There is no place for this kind of offensive behavior in a public forum. There is also the responsibility of the organizers to pull the plug on the display, the microphone, and the speaker. The members of the audience have a responsibility to hiss, boo, and shout.
I think I've seen this presentation before and I thought it was funny as did some of my female counterparts who attended the conference. When Hoss was at the conference I attended, he was very self-deprecating. But this was in Canada, and Hoss is Scottish. Never go to the U.S. and do anything remotely like this in front of an American audience.
EDIT: the part I saw a the conference was his orgasmatron flash animation, not all the other stuff mentioned. However, in context during the presentation, the flash animation was still pretty funny.
So let's say you enjoy this sort of thing. What is the appropriate forum? (Are you saying there are just some things we shouldn't talk about or say? Really?)
Anyway, why are programming conferences considered "professional"? I don't consider programming "a profession". It's something I do for fun. I chat with my friends, I write some code... sometimes people give me money, but that doesn't really matter to me, it's a secondary aspect.
So if you consider programming something fun, I don't understand why programming conferences are supposed to be "professional".
"There is no place for this kind of offensive behavior in a public forum."
Did you watch the presentation? I've not. But I've read two simplified accounts, with enough differences to make me wonder what was actually shown, and how much expectations or bias colored the description.
"Prude or Professional" is not the false dichotomy here. It's "Prude or Adult", where "adult" means far more than having your own credit card number to give to porn sites.
If Grant doesn't see how an "'orgasm simulator', which showed a female face working through 4 or 5 expressions up to orgasm as he moved the mouse up and down.

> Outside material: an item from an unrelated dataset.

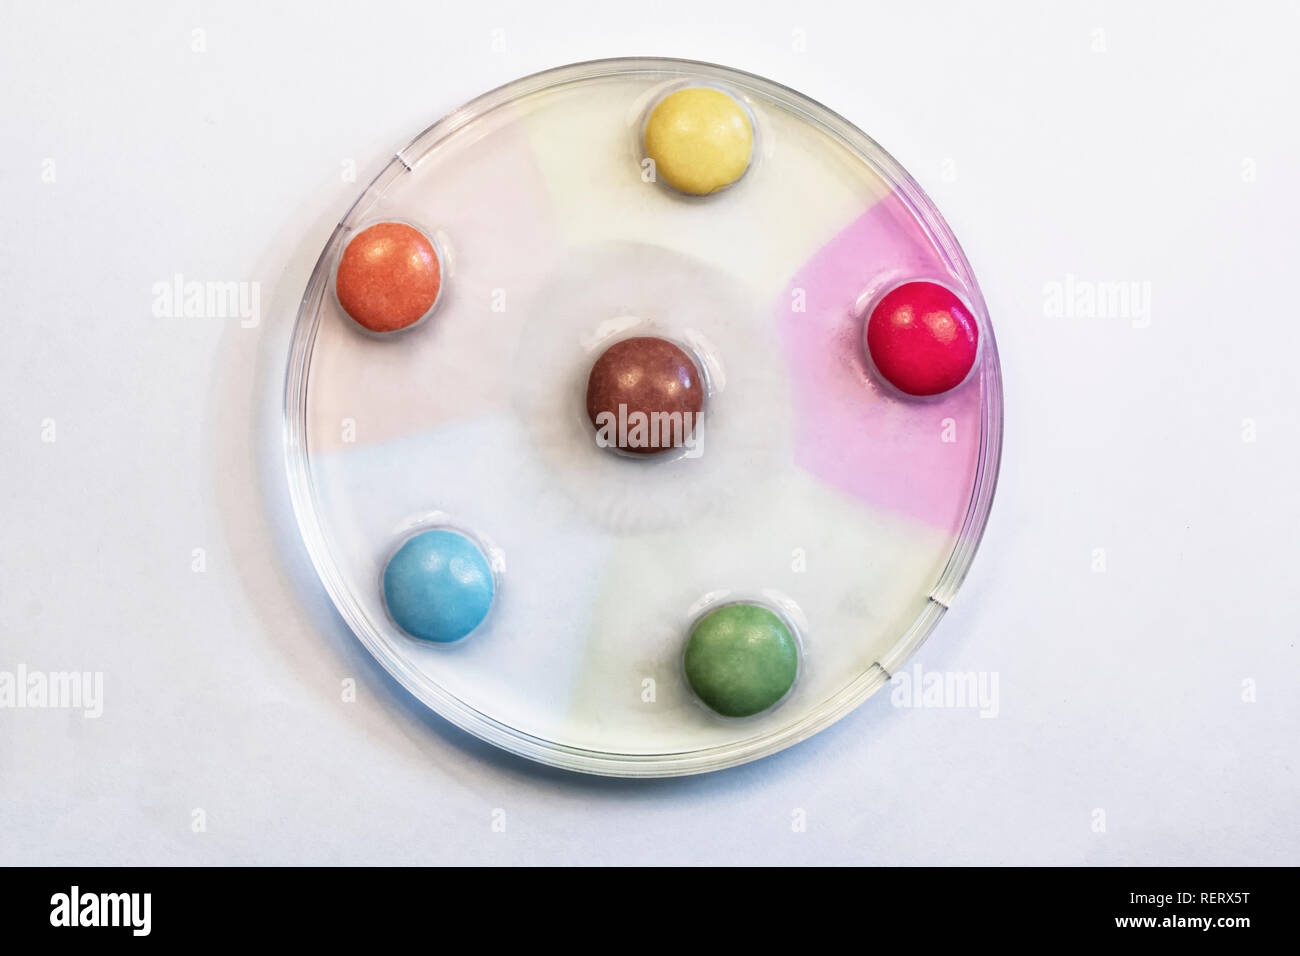 Diffusion experiment using sweets in a petri dish Stock Photo

It was crude, and didn't really have anything much to do with his theme, but it wasn't explicit" is sexist, particularly when shown to a primarily male audience, then he's stupid.
For the sake of contrast, here is how the presentation was described on the Flashbelt website:
In life we seldom encounter a blank canvas. Starting a new job often sees you filling another's shoes, ice skating means crossing over the scars in the ice left by others, and even tagging a blank wall means working with the imperfections of the builder and painter that created your canvas.

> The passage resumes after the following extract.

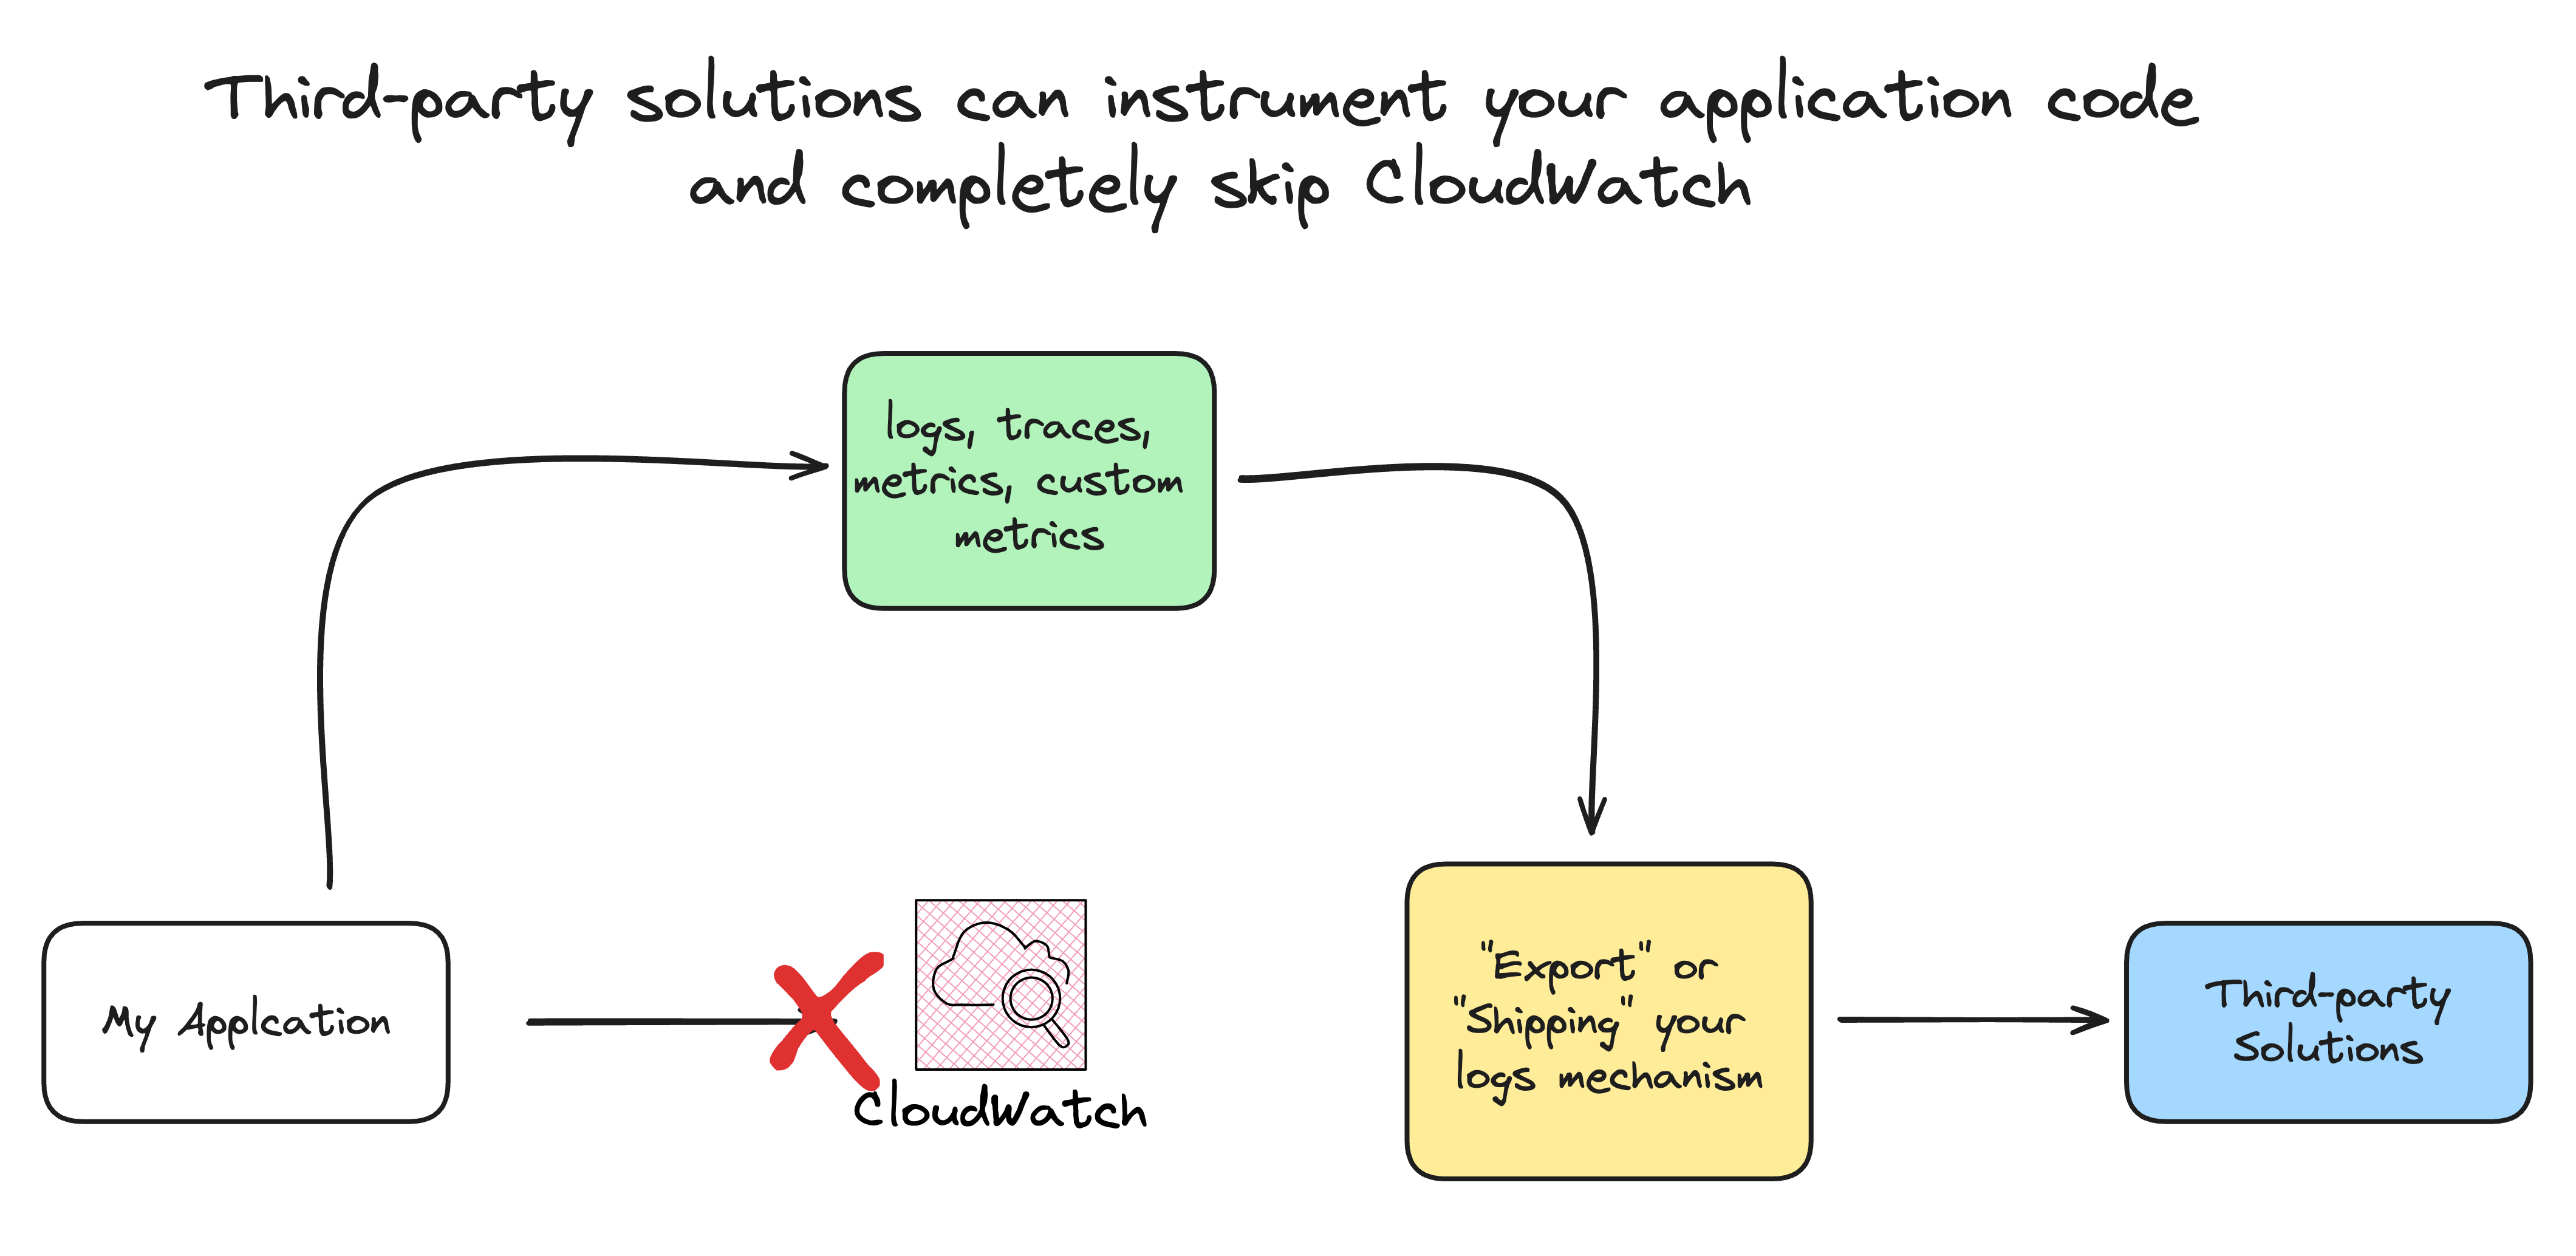 A diagram showing third-party instrumentation solutions that can skip CloudWatch completely.

This indirect contact with others creates an often subtle, but uniquely human experience - a shared narrative of being that provides a life enriching subtext.
Hoss exploits this shared narrative in his work to great effect, and will use his inaugural Flashbelt presentation to analyze a series of projects that build on each other's successes and failures to deliver increasingly rich experiences. And he'll say ` Fk ' a lot.